FastPaths was run on a single core on a consumer-grade laptop using the road networks provided for the DIMACS implementation challenge graphs. The following graphs were used for the benchmark:
area | number of nodes | number of edges |
---|---|---|
New York | 264.347 | 730.100 |
California&Nevada | 1.890.816 | 4.630.444 |
USA | 23.947.348 | 57.708.624 |
graph | metric | preparation time | average query time | out edges | in edges |
---|---|---|---|---|---|
NY city | distance | 9 s | 55 μs | 747.555 | 747.559 |
CAL&NV | distance | 36 s | 103 μs | 4.147.109 | 4.147.183 |
USA | distance | 10.6 min | 630 μs | 52.617.216 | 52.617.642 |
NY city | time | 6 s | 26 μs | 706.053 | 706.084 |
CAL&NV | time | 24 s | 60 μs | 3.975.276 | 3.975.627 |
USA | time | 5.5 min | 305 μs | 49.277.058 | 49.283.162 |
The shortest path calculation time was averaged over 100k random routing queries. The benchmarks were run on a Macbook Pro M1 Max using Rust 1.74.1.

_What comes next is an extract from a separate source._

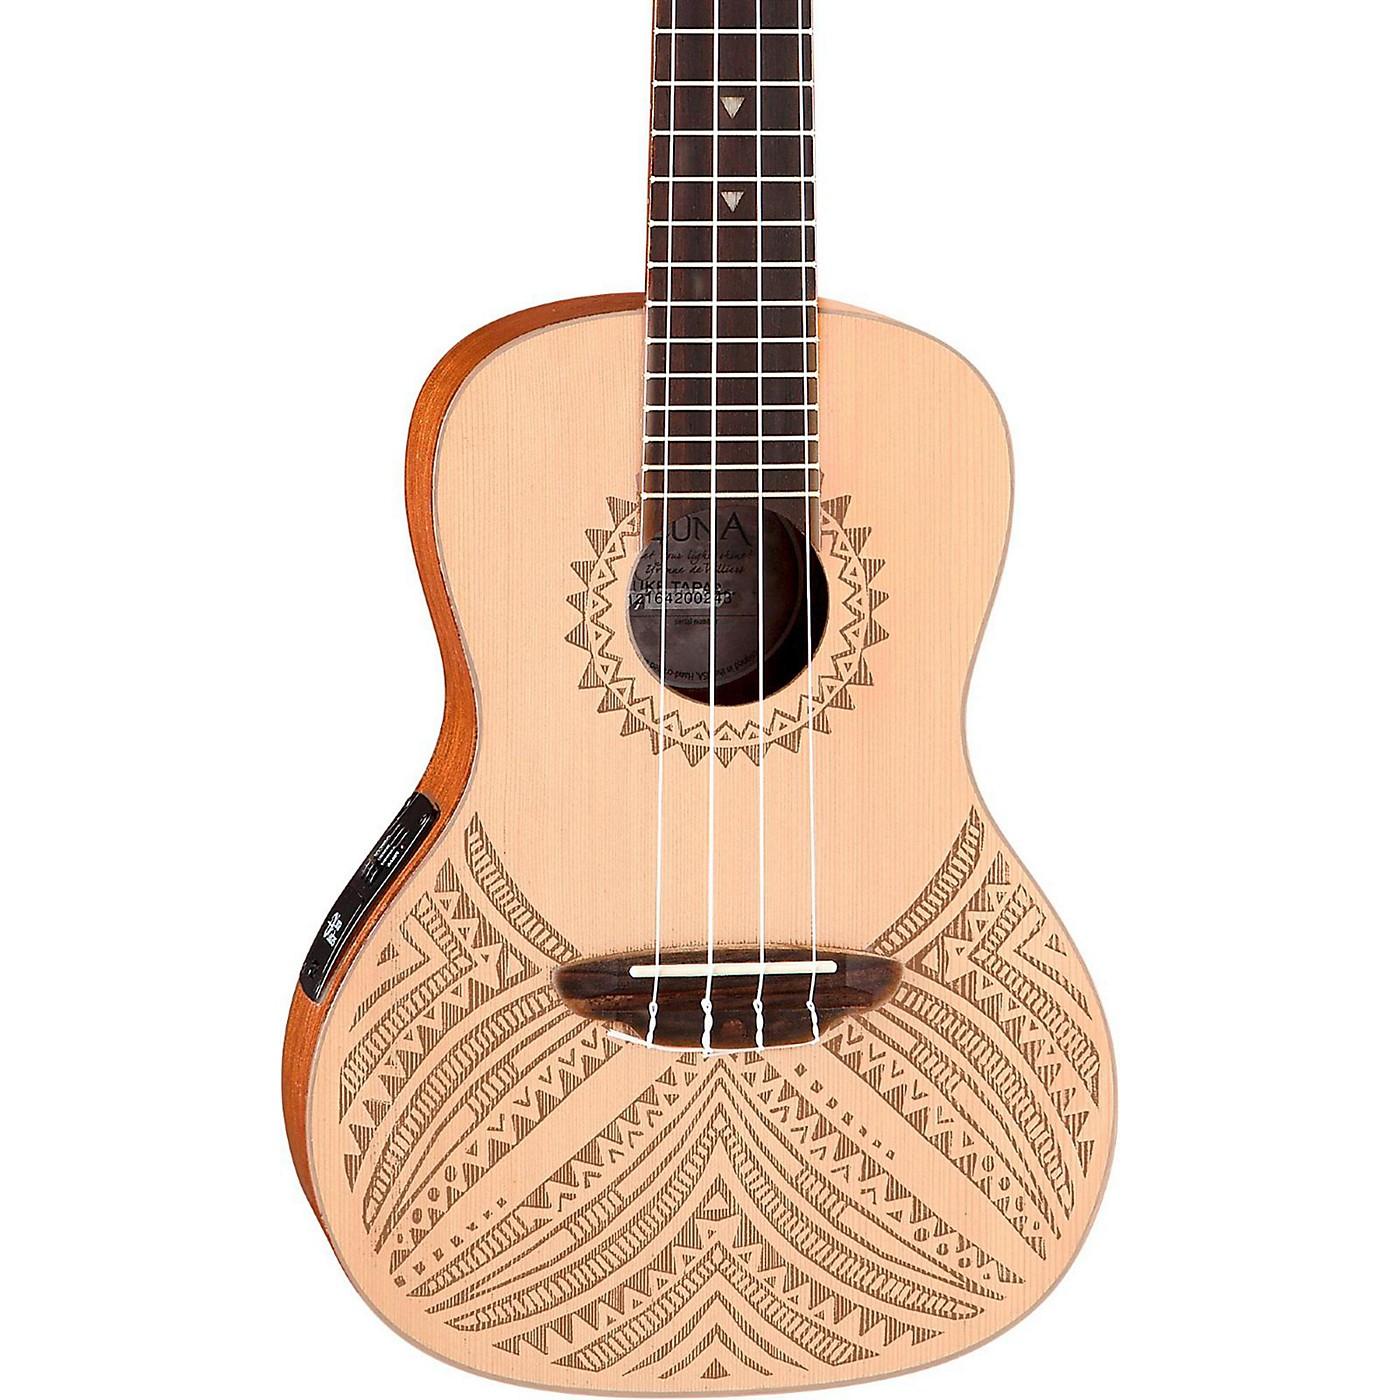 Luna Guitars Concert Solid Spruce Top Tapa Design Acoustic Electric Ukulele thumbnail

The code for running these benchmarks can be found on the benchmarks
branch.
There are also some benchmarks using smaller maps included in the test suite. You can run them like this:
export RUST_TEST_THREADS=1; cargo test --release -- --ignored --nocapture
Thanks to Dustin Carlino from A/B Street!
This project is licensed under either of
at your option.
Unless you explicitly state otherwise, any contribution intentionally submitted for inclusion in fast_paths by you, as defined in the Apache-2.0 license, shall be dual licensed as above, without any additional terms or conditions.